The promulgation of the Law-making Law is a step forward to greater maturity and sophistication for China's legislative system. It shows Chinese legislators' commitment to solve the problems that have long been troubling its legislative system, and its legal system as a whole. Improvements have been made in the area of the division of legislative powers. For the first time in PRC legislative history, legislative powers are divided between the center and the localities, in that local authorities may share some powers with the center under certain conditions. The necessity of establishing a judicial review system such as a Constitution Committee was emphasized and openly discussed. Although falling a step short of achieving that goal, some measures have been taken to improve the supervisory system within the current system. Legislative procedures have been carefully designed to ensure efficiency and transparency.

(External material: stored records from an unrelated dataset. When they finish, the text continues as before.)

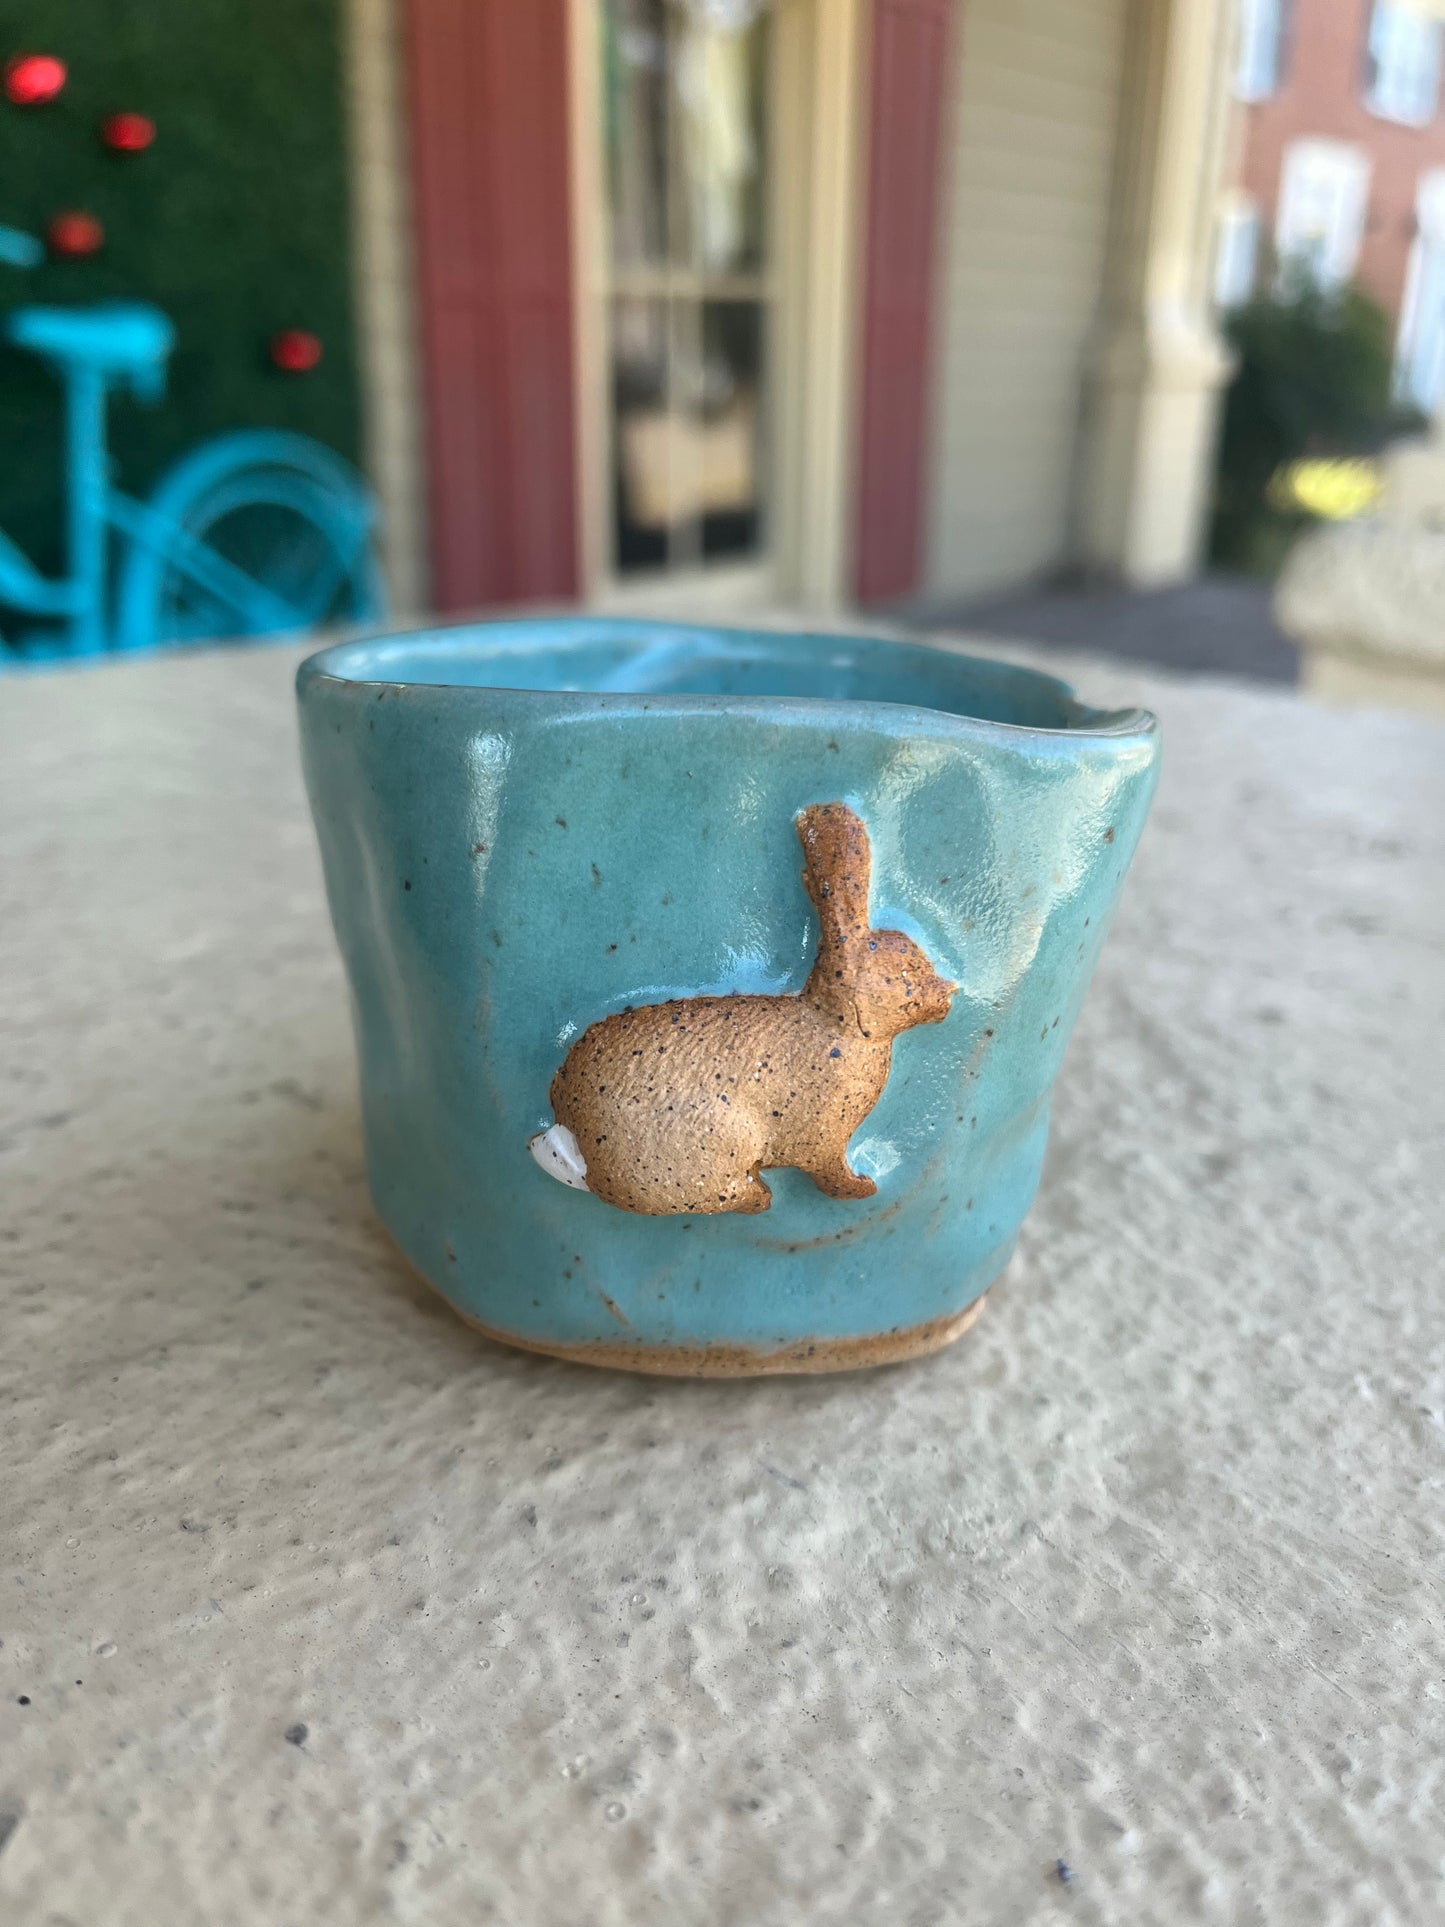 Bunny Oxford Pottery Candles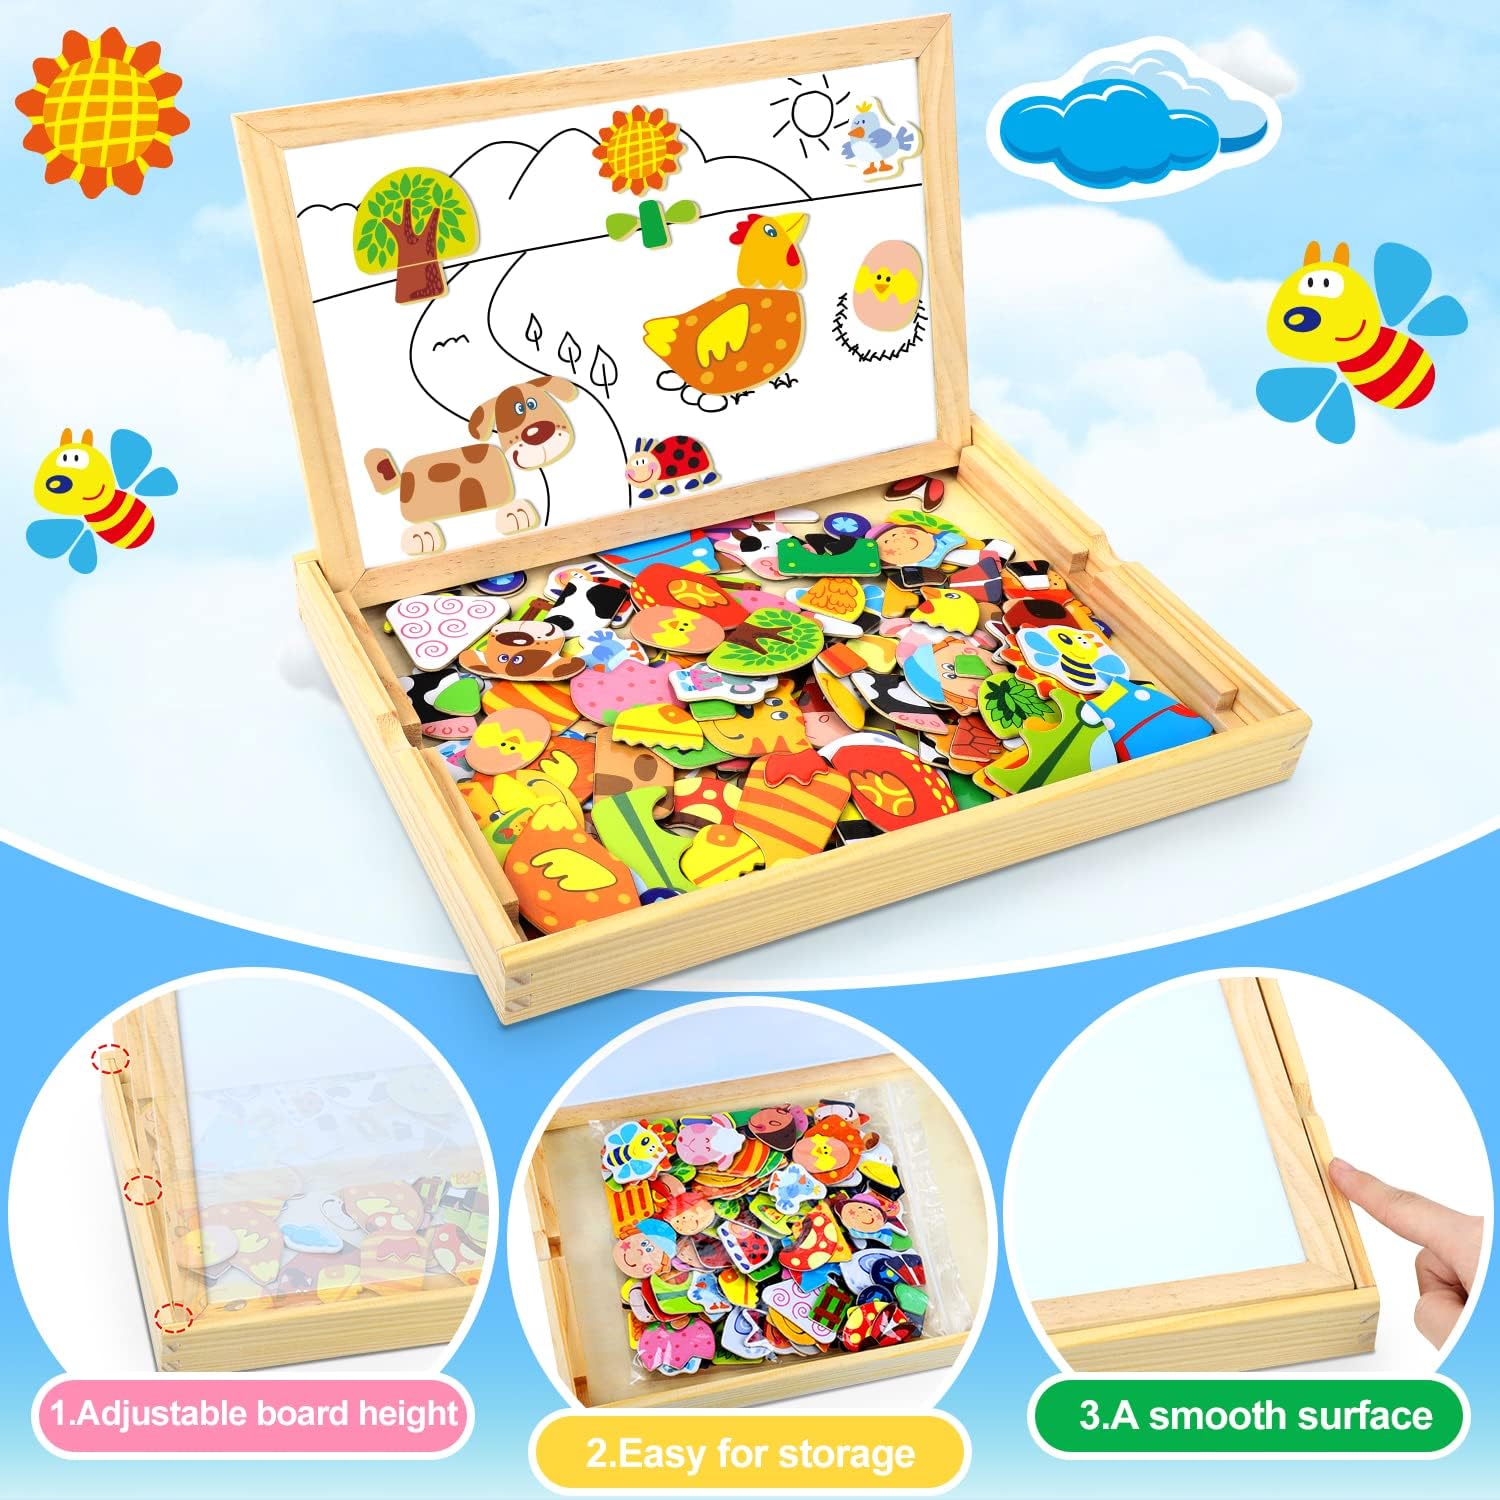 Wooden Magnetic Board Puzzle Games + Chalkboard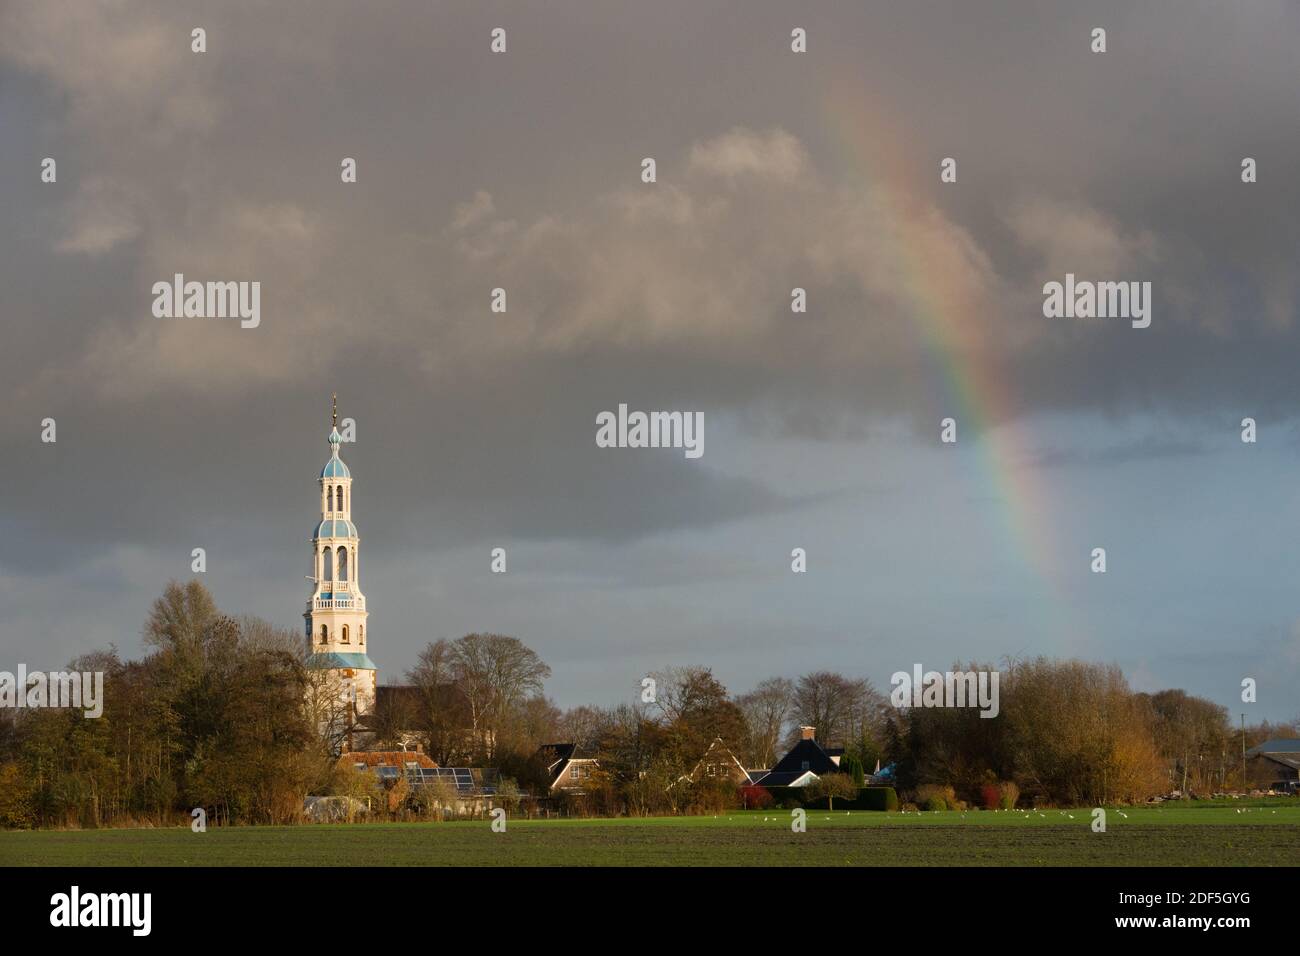 Small rural village with white church tower under dark clouds with rainbow Stock Photo

However, it would be naive and unrealistic to expect that the new law will achieve all the objectives that many people anticipated. Without constitutional reform in China and without having the status of a Constitutional document, the Law-making Law will not change any Constitutional structure, although some issues it tries to tackle are within the constitutional context. Therefore, it is understandable that the allocation of legislative powers between central and local governments has not been completely settled, e.g. the scope of the center's exclusive powers is uncertain and the legislative power of the localities, though liberally granted, are not specified and guaranteed. Among all the problems discussed in this article, the most unfortunate result of the Law-making Law is that the drafters abandoned their earlier intention to establish an independent and impartial legislative supervision and review organ like the Constitution Committee. Without such an organ, the problem of conflict of laws remains unsolved no matter how well the power is divided and how perfectly the procedure is designed. Finally, judicial interpretation of law is also essential for the healthy development of China's legislative system. It is unfortunate that the law does not specifically grant the power of interpretation to the SPC, as some earlier drafts did. Even if the SPC can still interpret in practice, the system of parallel interpretation by both the NPCSC and the SPC is still problematic. On the one hand, the NPCSC rarely exercised its supreme power of interpretation due to a lack of a concrete interpretation procedure and expertise. On the other hand, the SPC has assumed an active role in law interpretation, but without a legitimate basis provided by the Law-making Law. In addition the SPC is limited to the issues regarding the application of the law, but there is not always a clear line between the issues of the law and the issues of the application of the law. Therefore in practice, the SPC has already interpreted or invalidated some laws. Hence, the conditions for establishing a judicial review system in China do exist and the drafters of the Law-making Law should have taken this factor into account, assuming they have the power to decide.

Thus, it is not too ironic to say, given the wide range of the unsolved problems, that this high profile legislation that has aroused much hope for fundamental change and improvement, may nevertheless achieve only relatively minor success, in consolidating existing lawmaking rules and in institutionalizing the legislative system. However, as Murray Scot Tanner put it, a "greater professionalism and specialization in the staffing of the NPC may provide the basis for a more independent legislature later in the decade." It is hoped that the limited role that the Law-making Law is playing at present will serve as the basis for greater legislative reform in the future.

(The author is a Research Fellow at the Faculty of Law, the University of Hong Kong.)